Stalowooki blondyn krążył po swoim pokoju. Był wyraźnie zdenerwowany, rozmyślał o wydarzeniach z początku maja, o ostatecznym upadku Czarnego Pana, o wciąż rosnącej chwale Wybrańca, o nadchodzącym powrocie do szkoły i o pewnej młodej kobiecie, która w niezwykły sposób okazała mu serce, mimo tego, że przez siedem lat bezustannie ją gnębił. Przestań, idioto. Ona niczego do ciebie nie czuje, a ty nie czujesz niczego do niej. Dlaczego w ogóle pozwoliłem na pomoc od niej? To wszystko powinno było potoczyć się inaczej. Sumienie Malfoya nie dawało mu spokoju. Zrezygnowany usiadł w fotelu, nalał do szklanki ognistej whisky i używając zaklęcia zaczął pakować kufer.
- Siódmy rok po raz drugi nie może wróżyć niczego dobrego. - mruknął do siebie, popijając whisky. Zajęty własnymi myślami dopiero po chwili usłyszał pukanie do drzwi, które stawało się coraz głośniejsze. Kto śmie mi przeszkadzać...
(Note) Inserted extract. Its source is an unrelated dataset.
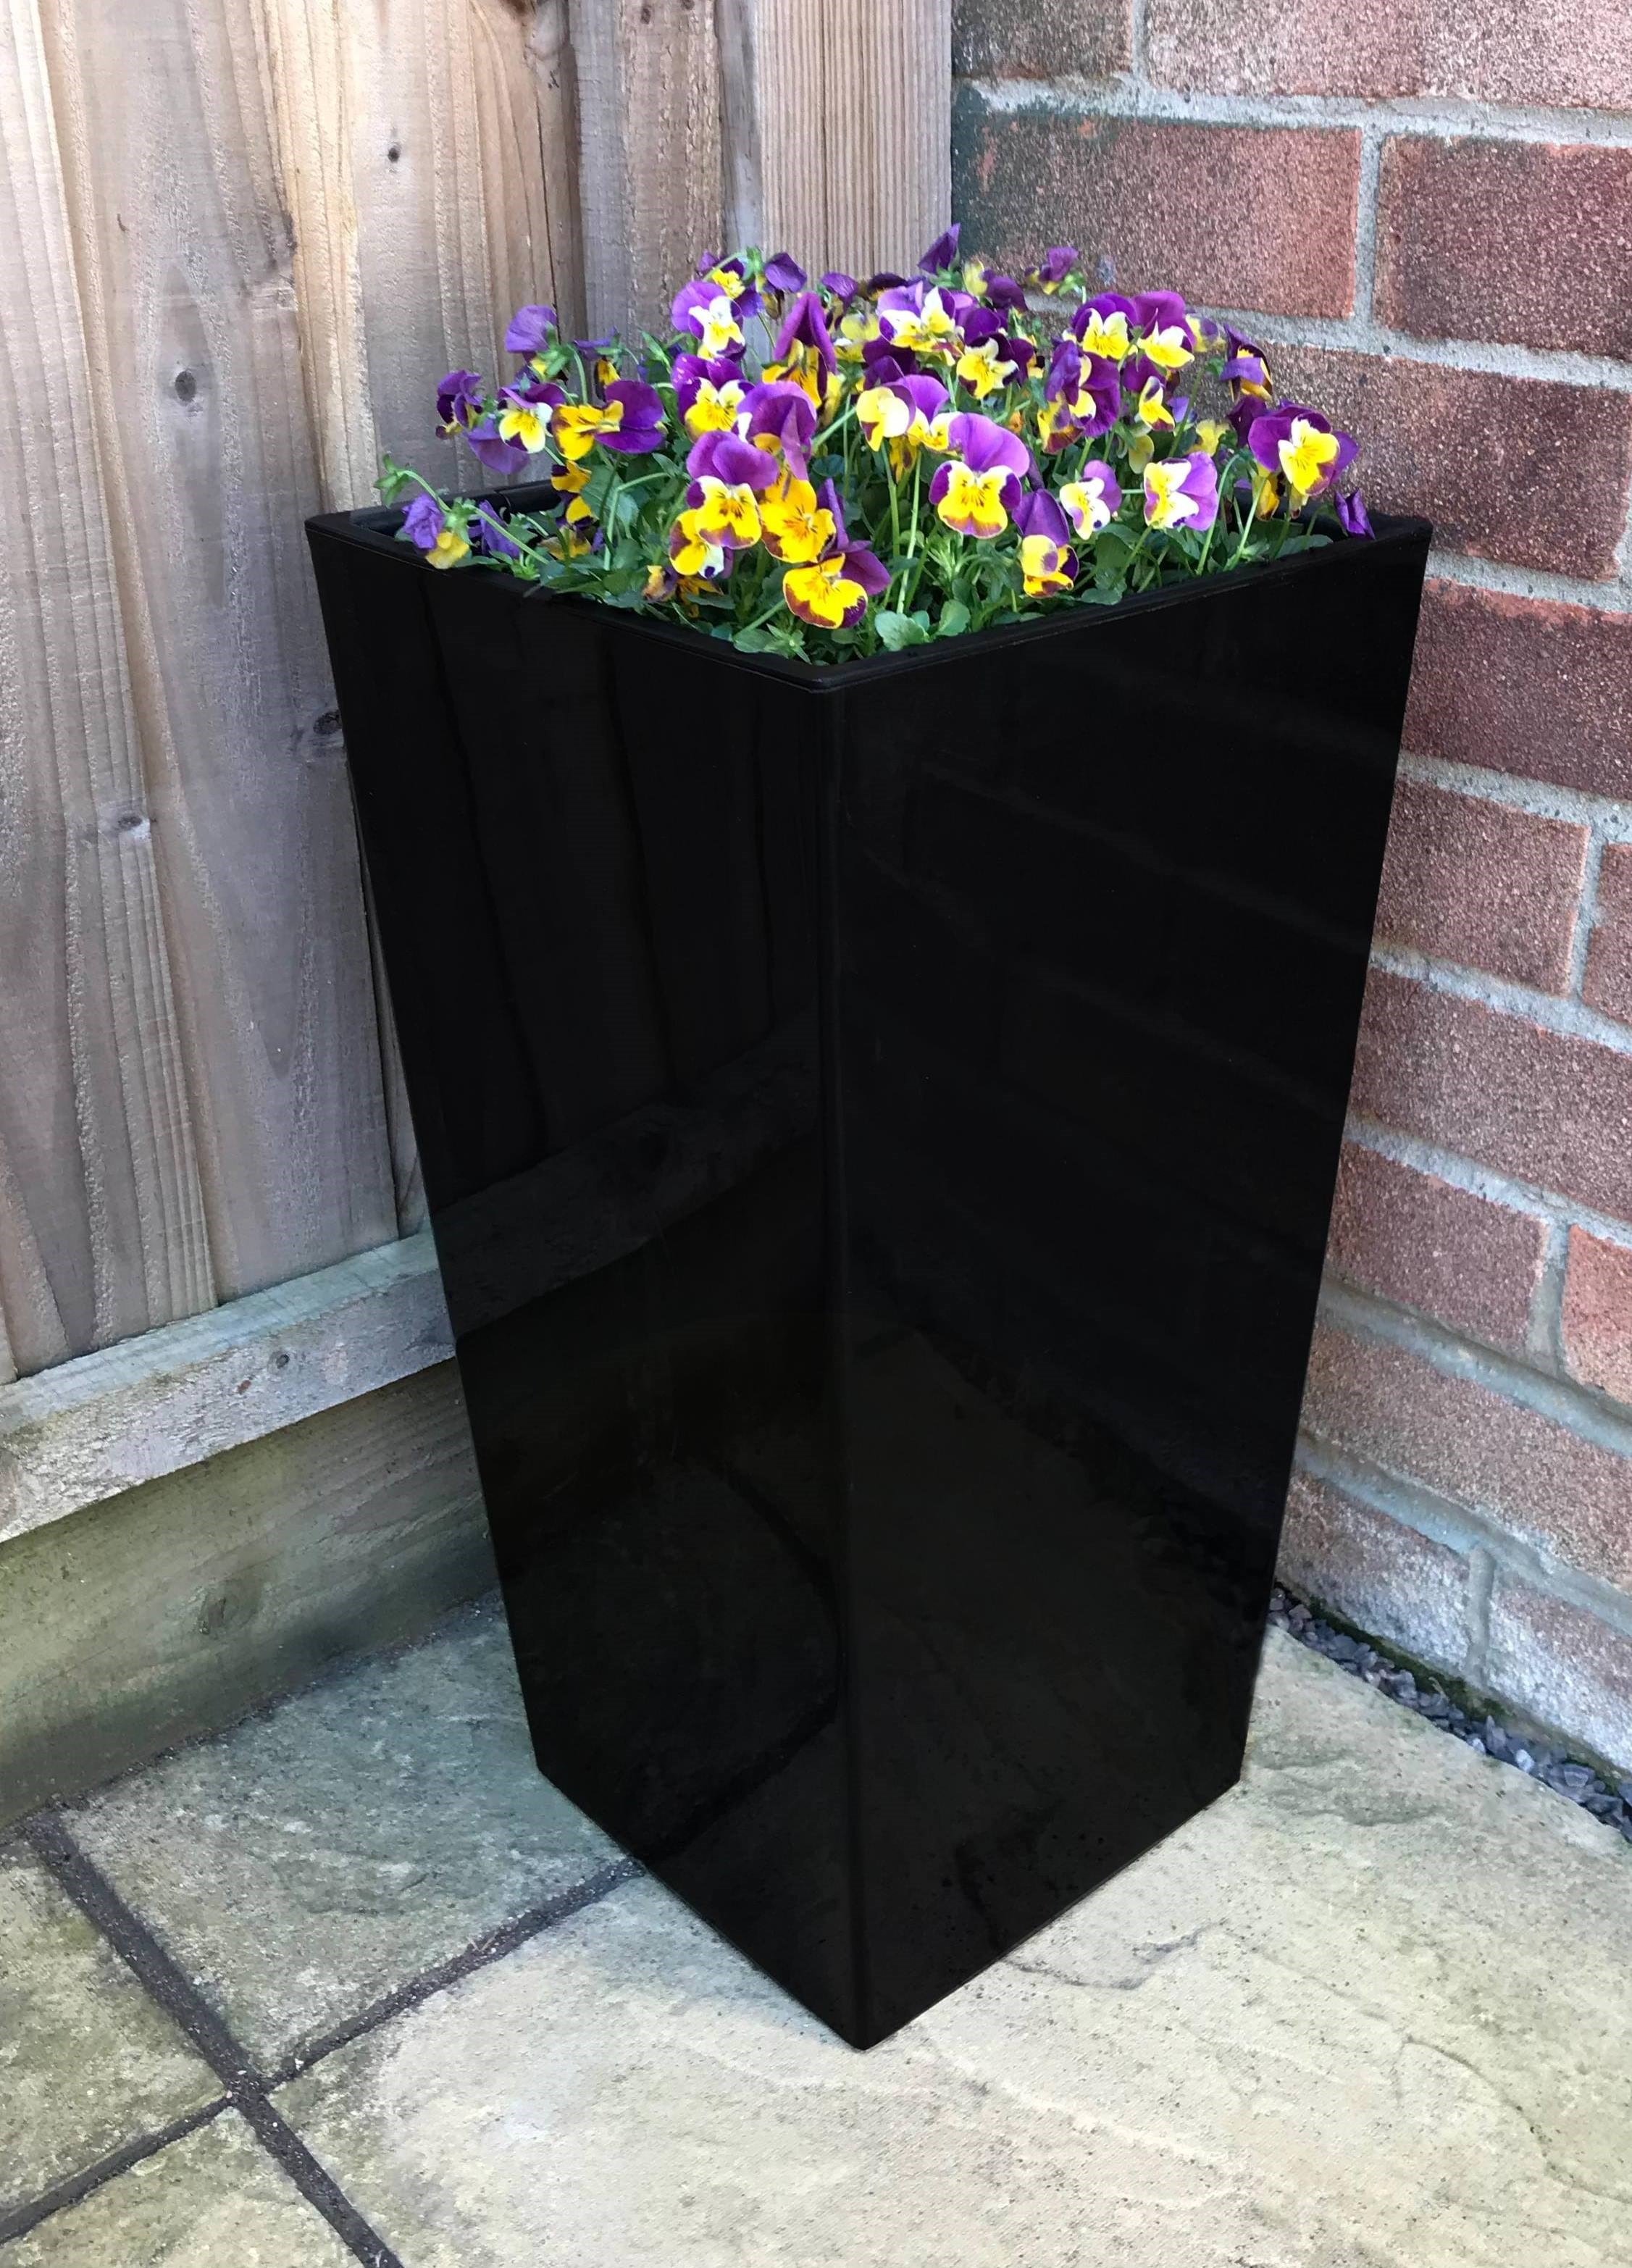 90cm x 40cm Gloss Tall Flared Square Fibreglass Planter in Black - by Primrose™

- Proszę. - oderwał wzrok od szklanki i wbił przenikliwe spojrzenie w otwierające się drzwi.
- Draco, kochanie, chciałam z tobą porozmawiać, zanim wybierzesz się na dworzec. - matka młodego panicza uśmiechnęła się delikatnie.
- Oczywiście, matko. Spocznij. - Draco wskazał jej fotel naprzeciw swojego i postawił przed nią szklankę z ognistą. O co może jej chodzić? Nigdy nie zwracała się do mnie takim tonem...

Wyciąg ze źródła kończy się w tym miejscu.